If AI could analyse the impact of ASHA workers’ holistic care efforts, including counselling, follow-ups, and emotional support, it could help establish new metrics for evaluating their contributions. It can assign value to this effort in a way that allows ASHA workers to secure genuine recognition for their work, specifically in the form of improved wages and working conditions.
Crucially, the essence of healthcare lies in care itself — something that AI tools optimised for efficiency may not always account for. The work of an ASHA worker is not just about recording symptoms and administering checklists; it also includes providing reassurance to anxious mothers, counselling families on nutrition, and offering support that is difficult to quantify. Community members would benefit from an approach that stems from a relational understanding of their position, rather than one that dismisses it as inconsequential to their health needs.
This shift is not merely hypothetical — it represents a broader reconsideration of what AI should optimise for in healthcare. Efficiency is undoubtedly important, but when it comes at the cost of genuine, context-specific care, the system risks losing its most vital human element. By designing AI tools optimised for an ethic of care, we can envision a future where ASHA workers are empowered rather than overburdened, where communities receive holistic, encompassing support rather than purely clinical prescription, and where technology serves as an enabler of care rather than an instrument for productivity.
The Wandering Healer is ultimately a reminder to:
- Listen and consult with the people technology intends to support. The technology aimed at addressing the concerns and challenges of ASHA workers may be far removed from their actual needs, such as adequate compensation and improved working conditions. Without efforts to engage with them, top-down technology design and development processes are likely to be ineffective and may even contribute to new harms and risks.
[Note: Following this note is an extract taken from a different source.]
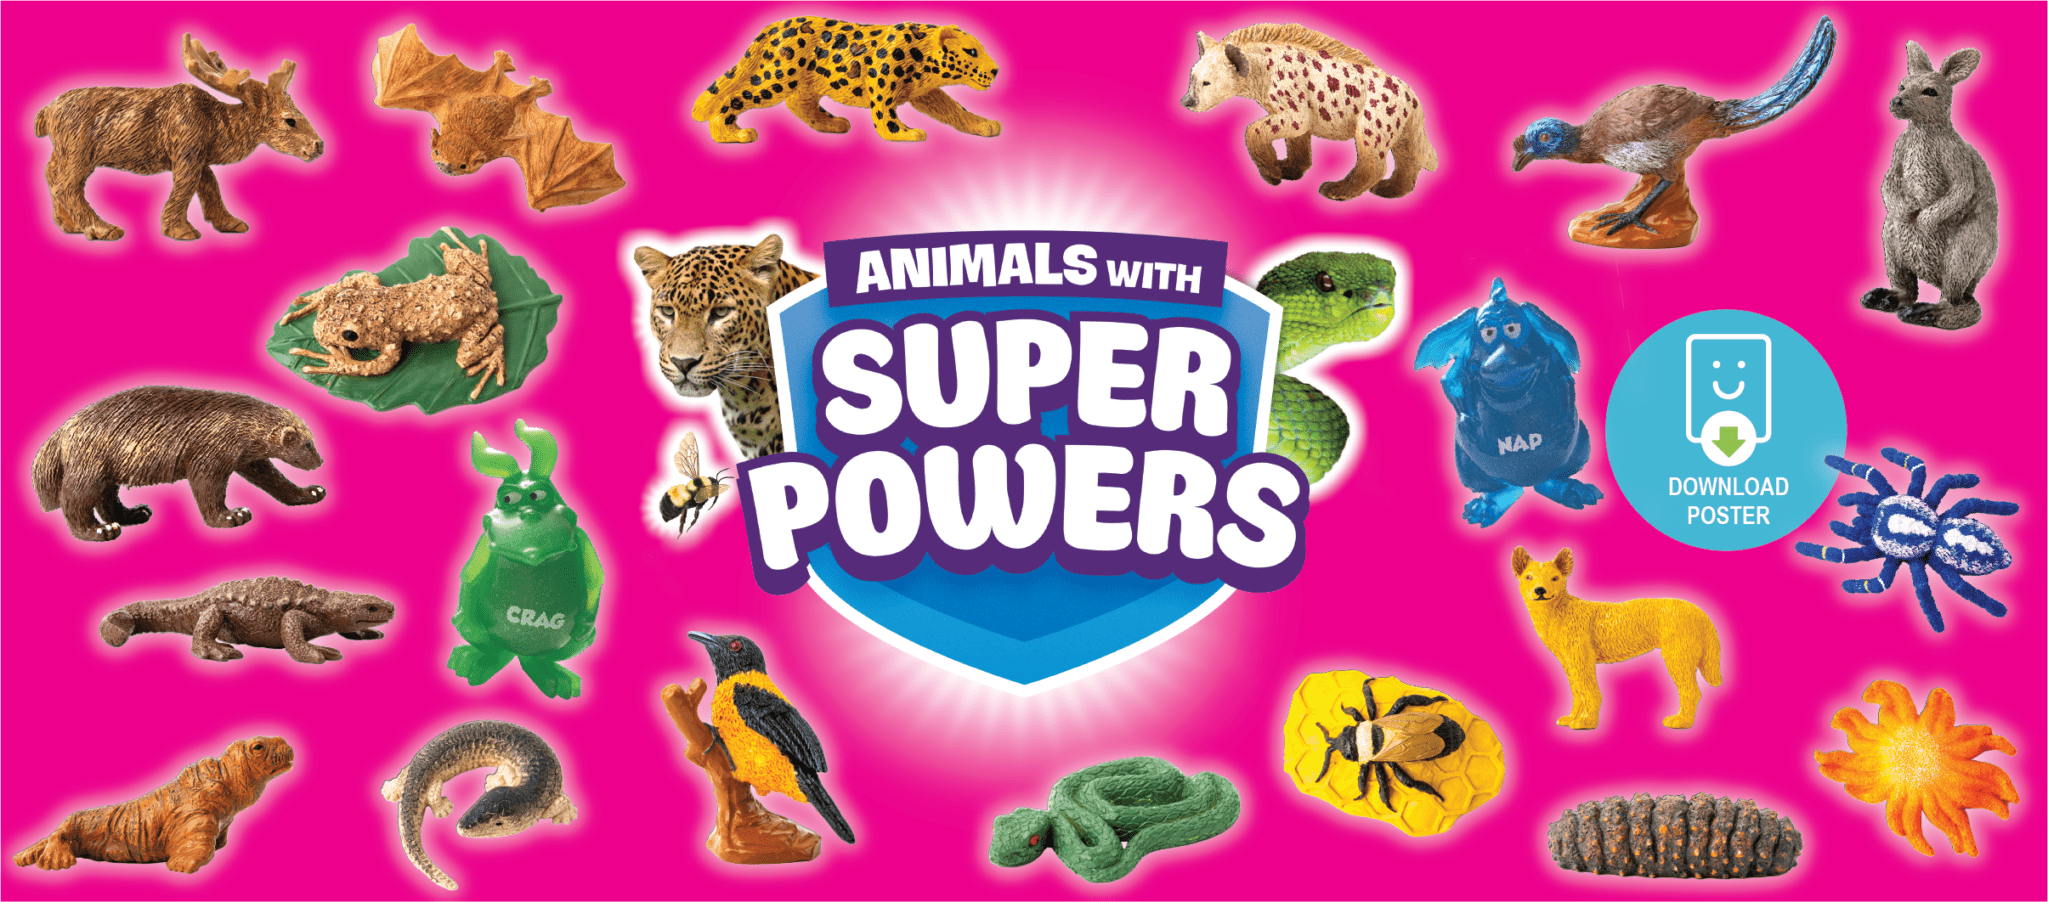 Animals with superpowers will come as a new 2021 Yowie USA series Animals-with-superpowers-2048x902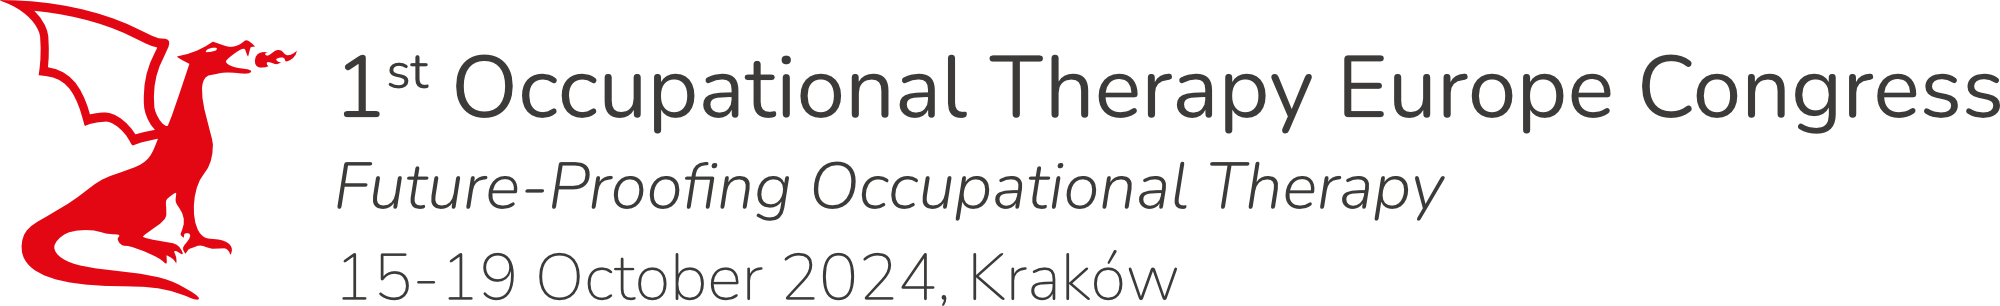 1st Occupational Therapy Europe Congress 2024 || Poland, Krakow

- Consider the logic or goals AI optimises for — efficiency is not always the most important or beneficial goal. In healthcare, contextualised patient care and empathy are just as critical.
- Reimagine the opportunities AI can offer us; it doesn't have to be limited to piecemeal solutions. AI can also be harnessed to challenge existing power structures and shift persistent power imbalances. In the story, Nandini programmes DOST to optimise and capture metrics for care, which supports her and her peers in providing holistic care to their communities, while also quantifying the value of their work. It’s a (re)programming of AI that aims to bridge the gaps in the system, instead of working around them.